Segment Open

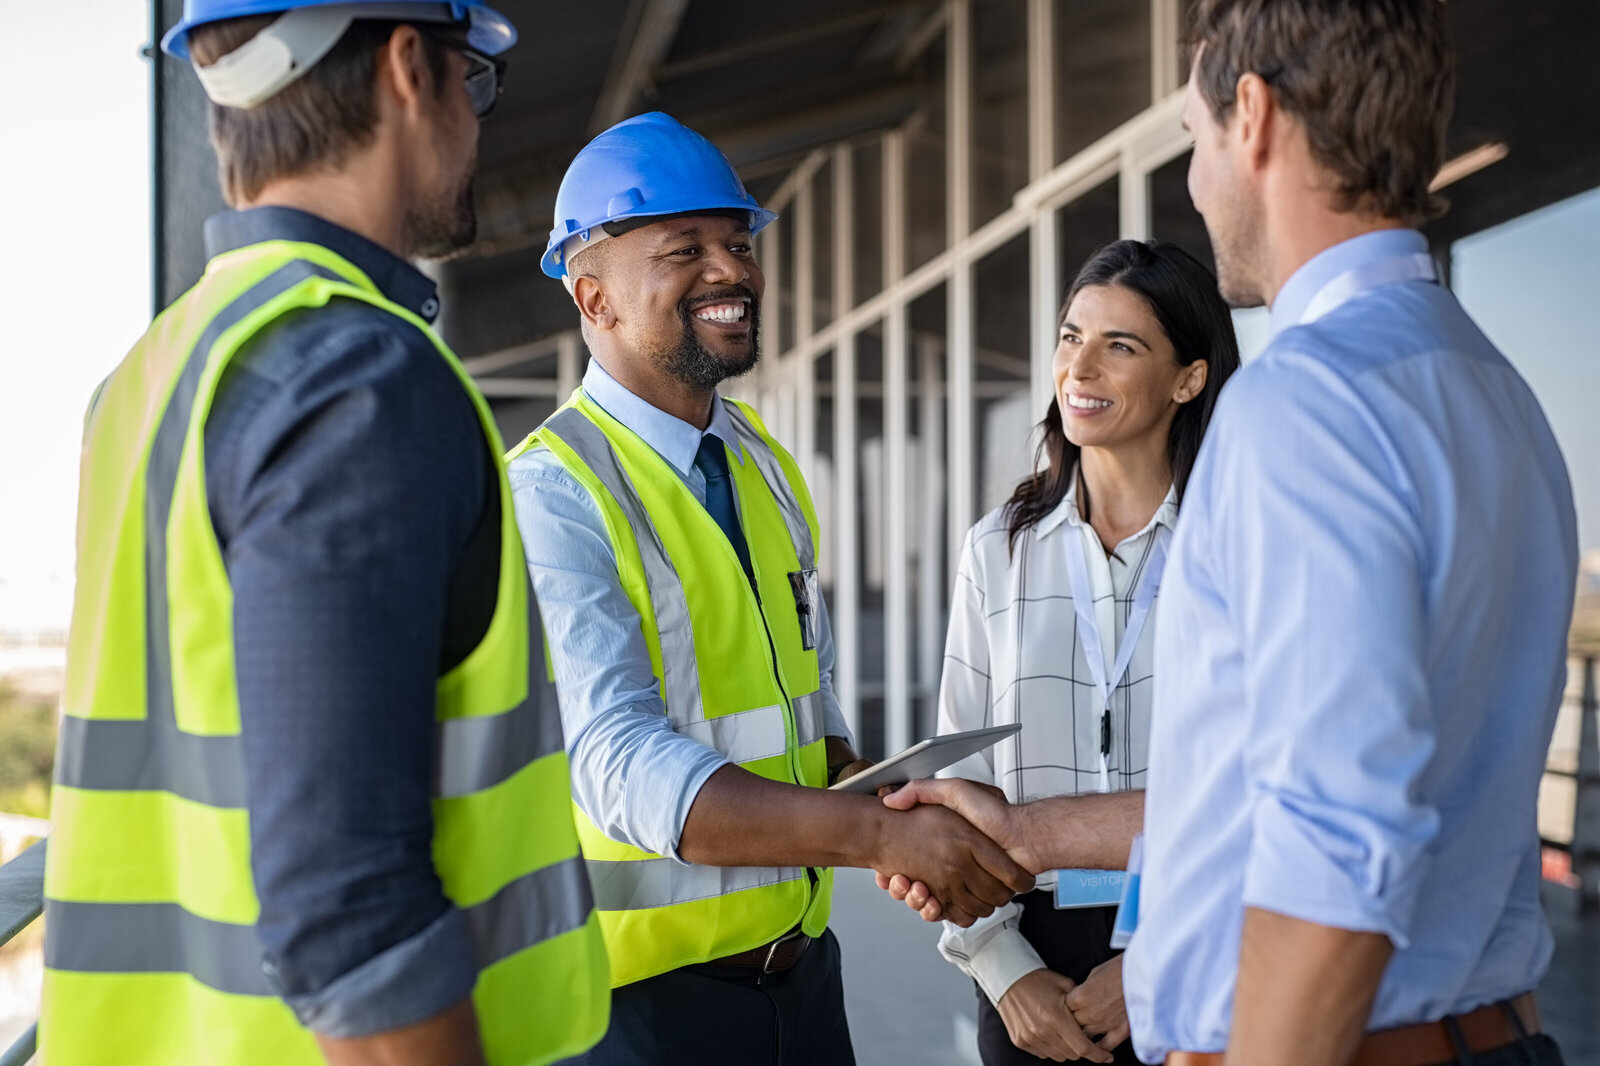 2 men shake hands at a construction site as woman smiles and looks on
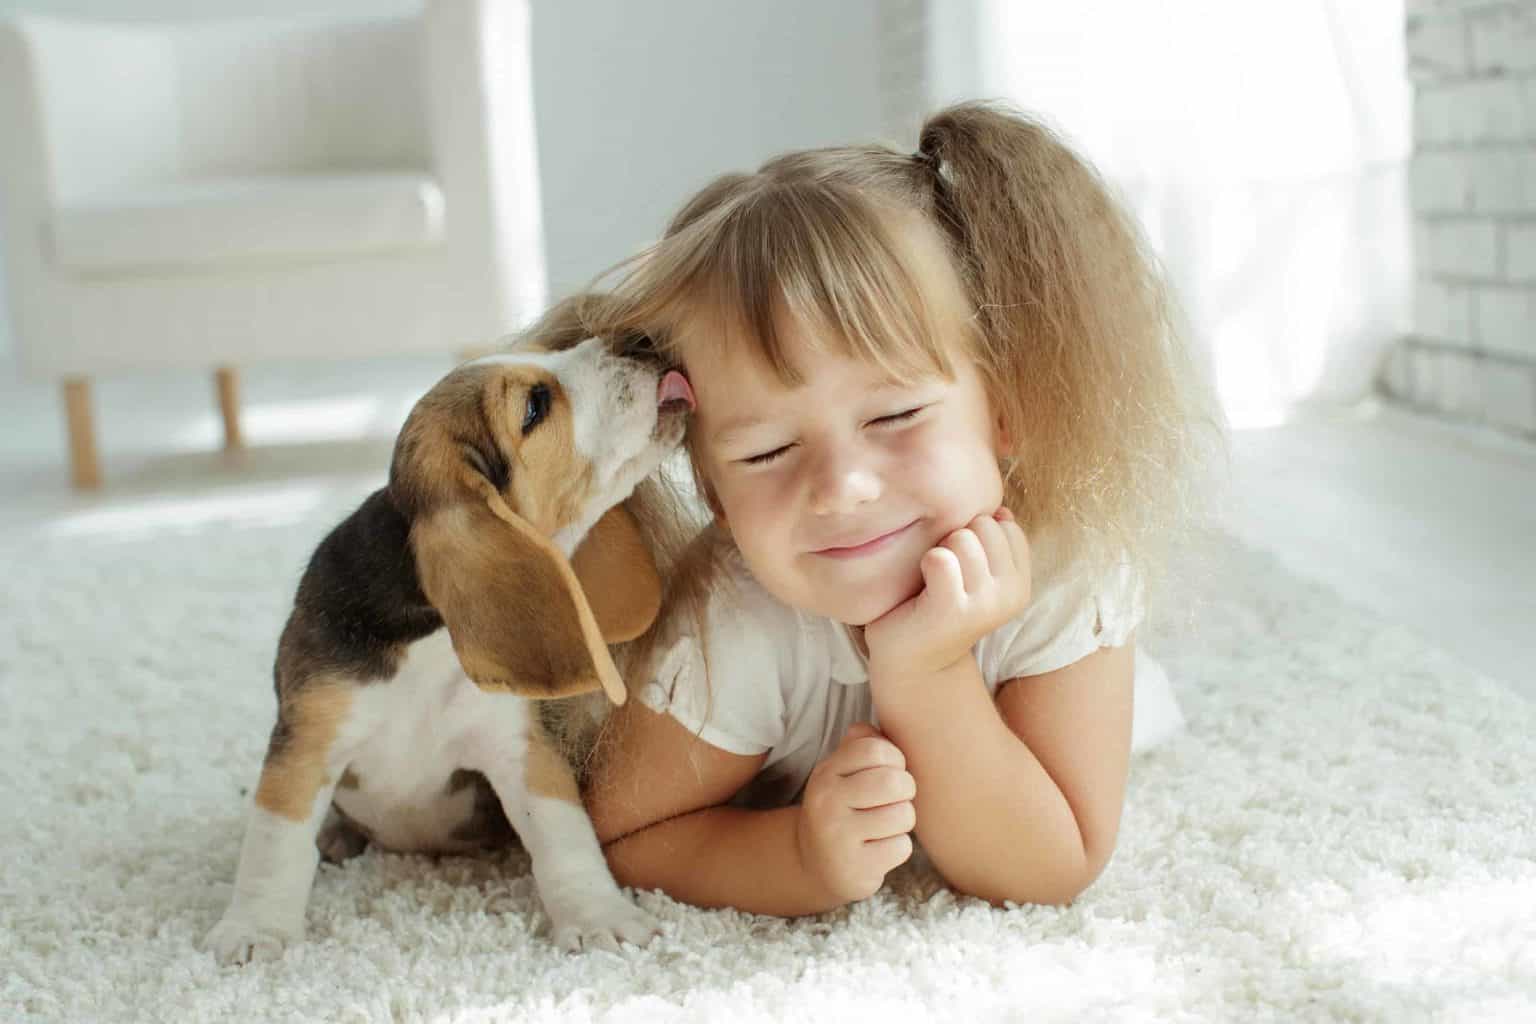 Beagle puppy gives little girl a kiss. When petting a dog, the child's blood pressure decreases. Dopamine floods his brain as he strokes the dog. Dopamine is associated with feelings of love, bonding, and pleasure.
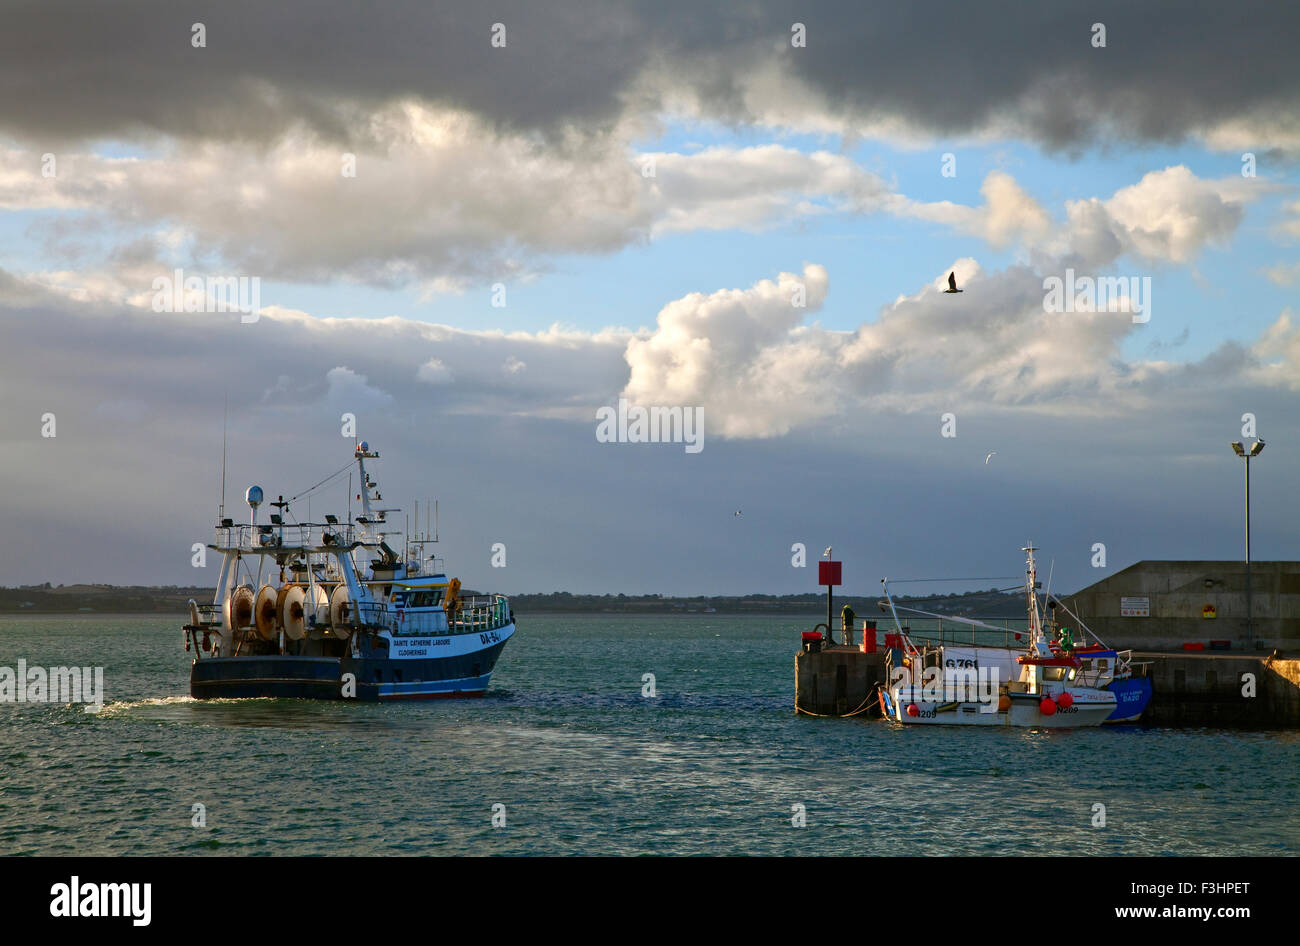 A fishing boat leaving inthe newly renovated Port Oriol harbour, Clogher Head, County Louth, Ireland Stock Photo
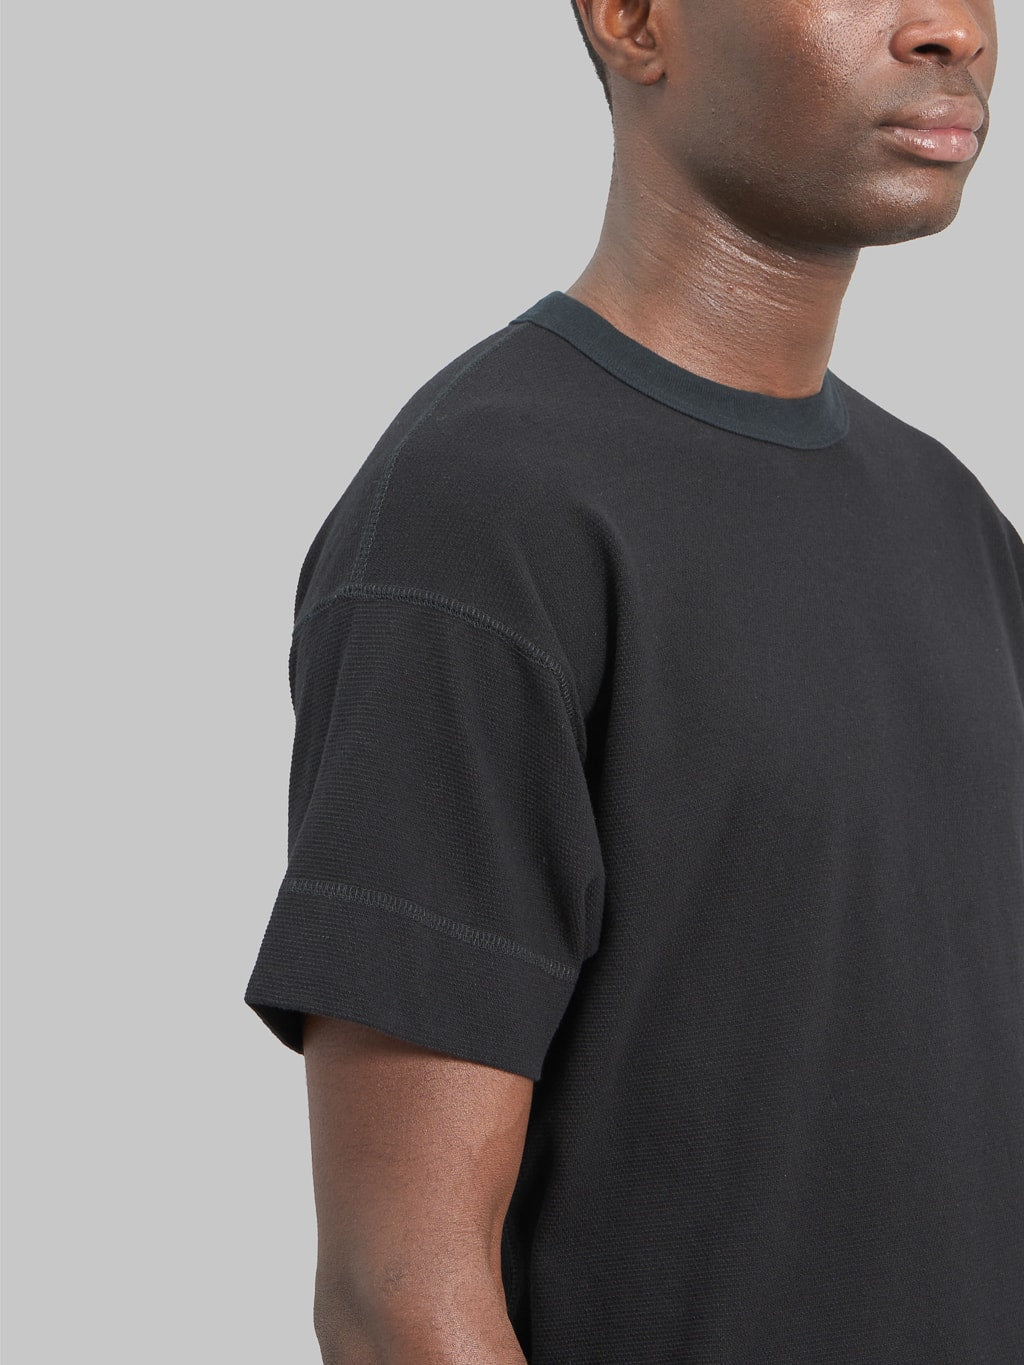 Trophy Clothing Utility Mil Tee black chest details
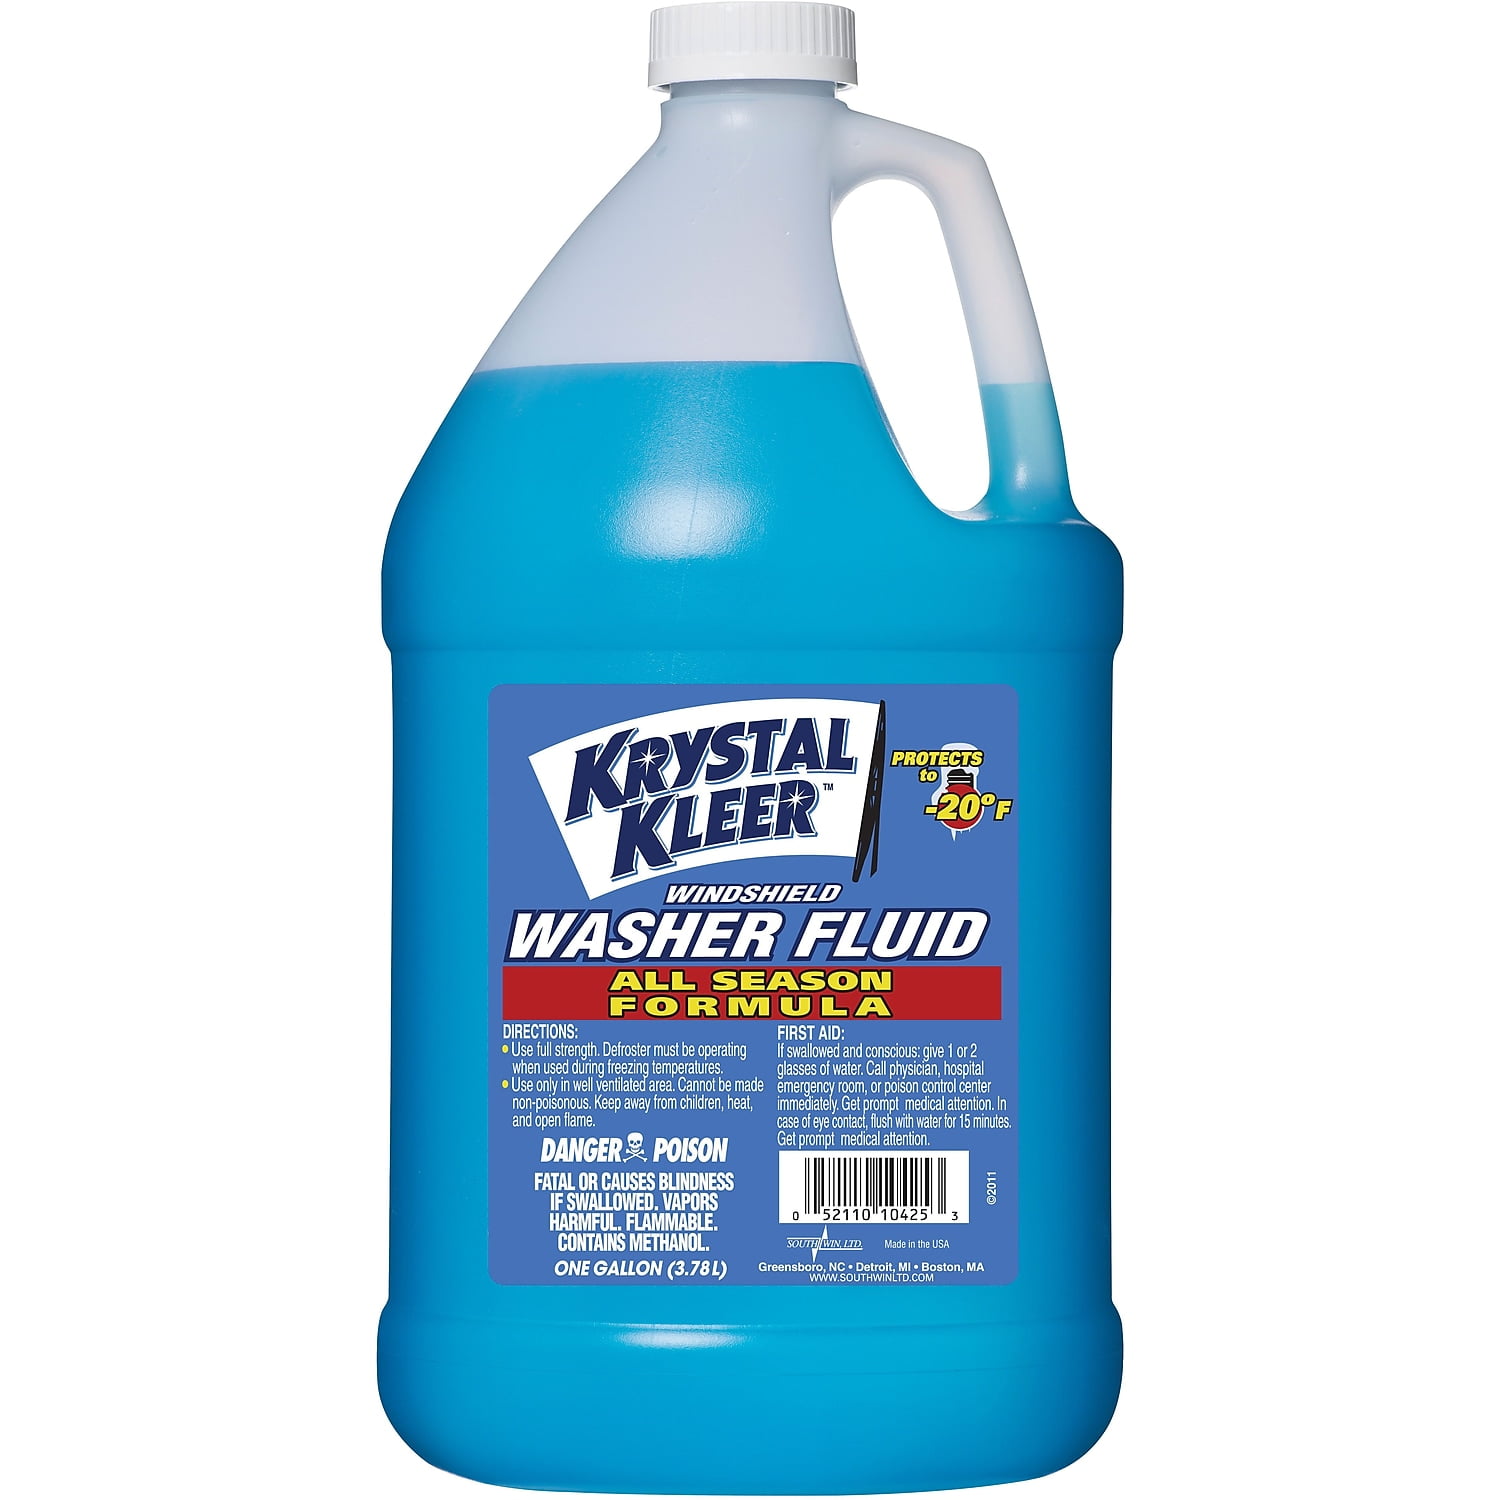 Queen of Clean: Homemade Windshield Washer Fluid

Segment Closed

*TASK TO COMPLETE*
Images are not wanted in the copy. Please print the material above exactly.

*TASK OUTPUT*
 2 men shake hands at a construction site as woman smiles and looks on
 Beagle puppy gives little girl a kiss. When petting a dog, the child's blood pressure decreases. Dopamine floods his brain as he strokes the dog. Dopamine is associated with feelings of love, bonding, and pleasure.
 A fishing boat leaving inthe newly renovated Port Oriol harbour, Clogher Head, County Louth, Ireland Stock Photo
 Trophy Clothing Utility Mil Tee black chest details
 Queen of Clean: Homemade Windshield Washer Fluid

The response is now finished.